___ Entries provided

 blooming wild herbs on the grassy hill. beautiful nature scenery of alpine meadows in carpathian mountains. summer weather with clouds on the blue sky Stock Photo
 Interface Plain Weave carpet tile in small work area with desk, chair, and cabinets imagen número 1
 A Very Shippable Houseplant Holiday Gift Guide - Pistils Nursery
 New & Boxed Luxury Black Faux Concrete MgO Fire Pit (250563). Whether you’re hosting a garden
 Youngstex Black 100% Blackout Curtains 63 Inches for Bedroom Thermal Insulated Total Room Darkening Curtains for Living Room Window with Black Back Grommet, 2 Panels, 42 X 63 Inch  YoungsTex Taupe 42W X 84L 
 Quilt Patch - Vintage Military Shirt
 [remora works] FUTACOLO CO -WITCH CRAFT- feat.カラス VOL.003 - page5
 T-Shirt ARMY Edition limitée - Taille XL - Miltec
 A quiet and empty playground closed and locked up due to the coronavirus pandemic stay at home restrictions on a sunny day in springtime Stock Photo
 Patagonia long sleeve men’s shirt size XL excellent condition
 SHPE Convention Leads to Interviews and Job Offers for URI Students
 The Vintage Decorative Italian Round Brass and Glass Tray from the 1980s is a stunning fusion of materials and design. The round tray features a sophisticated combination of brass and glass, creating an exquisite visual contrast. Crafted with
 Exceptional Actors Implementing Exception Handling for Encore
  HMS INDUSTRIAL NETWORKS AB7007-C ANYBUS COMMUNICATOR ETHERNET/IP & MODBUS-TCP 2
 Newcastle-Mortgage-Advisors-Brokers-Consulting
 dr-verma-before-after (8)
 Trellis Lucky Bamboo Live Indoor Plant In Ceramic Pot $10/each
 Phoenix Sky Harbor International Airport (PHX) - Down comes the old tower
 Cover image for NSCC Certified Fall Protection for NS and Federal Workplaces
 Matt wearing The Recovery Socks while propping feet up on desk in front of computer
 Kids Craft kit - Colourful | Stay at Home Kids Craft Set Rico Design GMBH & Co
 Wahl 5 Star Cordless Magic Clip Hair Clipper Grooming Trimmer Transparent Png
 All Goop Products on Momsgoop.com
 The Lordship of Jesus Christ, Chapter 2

______

Every line from the one that contains "SHPE Convention Leads" down to and including the last line of the records above must be set down exactly, with nothing else.

 SHPE Convention Leads to Interviews and Job Offers for URI Students
 The Vintage Decorative Italian Round Brass and Glass Tray from the 1980s is a stunning fusion of materials and design. The round tray features a sophisticated combination of brass and glass, creating an exquisite visual contrast. Crafted with
 Exceptional Actors Implementing Exception Handling for Encore
  HMS INDUSTRIAL NETWORKS AB7007-C ANYBUS COMMUNICATOR ETHERNET/IP & MODBUS-TCP 2
 Newcastle-Mortgage-Advisors-Brokers-Consulting
 dr-verma-before-after (8)
 Trellis Lucky Bamboo Live Indoor Plant In Ceramic Pot $10/each
 Phoenix Sky Harbor International Airport (PHX) - Down comes the old tower
 Cover image for NSCC Certified Fall Protection for NS and Federal Workplaces
 Matt wearing The Recovery Socks while propping feet up on desk in front of computer
 Kids Craft kit - Colourful | Stay at Home Kids Craft Set Rico Design GMBH & Co
 Wahl 5 Star Cordless Magic Clip Hair Clipper Grooming Trimmer Transparent Png
 All Goop Products on Momsgoop.com
 The Lordship of Jesus Christ, Chapter 2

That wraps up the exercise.